Records drawn from a dataset:
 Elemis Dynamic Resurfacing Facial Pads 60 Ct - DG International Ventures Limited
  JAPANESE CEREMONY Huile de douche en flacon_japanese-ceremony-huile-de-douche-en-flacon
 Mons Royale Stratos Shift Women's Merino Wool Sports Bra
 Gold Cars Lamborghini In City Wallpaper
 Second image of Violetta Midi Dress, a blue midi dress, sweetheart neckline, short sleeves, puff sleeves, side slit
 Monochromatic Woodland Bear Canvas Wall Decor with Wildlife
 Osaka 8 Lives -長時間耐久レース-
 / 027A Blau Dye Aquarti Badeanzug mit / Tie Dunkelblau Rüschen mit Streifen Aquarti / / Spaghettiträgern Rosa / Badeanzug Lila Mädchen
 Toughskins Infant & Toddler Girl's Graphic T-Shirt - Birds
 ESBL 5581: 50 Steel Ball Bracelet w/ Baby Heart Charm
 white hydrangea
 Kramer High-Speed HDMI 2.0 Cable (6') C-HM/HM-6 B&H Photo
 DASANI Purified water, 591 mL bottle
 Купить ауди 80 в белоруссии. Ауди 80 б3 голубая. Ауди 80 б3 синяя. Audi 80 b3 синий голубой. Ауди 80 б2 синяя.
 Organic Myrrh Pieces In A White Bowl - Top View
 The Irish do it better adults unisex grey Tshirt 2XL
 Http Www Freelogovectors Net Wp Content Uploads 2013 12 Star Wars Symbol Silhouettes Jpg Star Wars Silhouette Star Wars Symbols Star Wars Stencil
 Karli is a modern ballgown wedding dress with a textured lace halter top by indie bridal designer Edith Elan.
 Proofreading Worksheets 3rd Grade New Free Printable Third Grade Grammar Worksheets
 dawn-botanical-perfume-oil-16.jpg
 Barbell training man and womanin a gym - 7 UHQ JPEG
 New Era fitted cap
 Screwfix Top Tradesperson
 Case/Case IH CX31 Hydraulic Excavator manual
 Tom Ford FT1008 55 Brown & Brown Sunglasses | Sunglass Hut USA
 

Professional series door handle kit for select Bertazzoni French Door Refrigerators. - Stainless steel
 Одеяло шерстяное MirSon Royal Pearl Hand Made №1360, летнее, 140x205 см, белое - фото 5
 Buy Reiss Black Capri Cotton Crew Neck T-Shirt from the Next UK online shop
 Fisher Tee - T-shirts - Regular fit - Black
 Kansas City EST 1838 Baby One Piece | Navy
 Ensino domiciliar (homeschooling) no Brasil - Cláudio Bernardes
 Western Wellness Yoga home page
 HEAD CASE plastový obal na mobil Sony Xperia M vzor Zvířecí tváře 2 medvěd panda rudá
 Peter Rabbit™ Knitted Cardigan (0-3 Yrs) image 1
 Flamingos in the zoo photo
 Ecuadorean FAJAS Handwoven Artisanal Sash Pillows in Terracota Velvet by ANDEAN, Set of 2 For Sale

### Assigned task
If a line comes after the one containing "Gold Cars Lamborghini In City Wallpaper", leave it out; set down every line of the data before it, and that line itself, exactly.

### Problem solution
 Elemis Dynamic Resurfacing Facial Pads 60 Ct - DG International Ventures Limited
  JAPANESE CEREMONY Huile de douche en flacon_japanese-ceremony-huile-de-douche-en-flacon
 Mons Royale Stratos Shift Women's Merino Wool Sports Bra
 Gold Cars Lamborghini In City Wallpaper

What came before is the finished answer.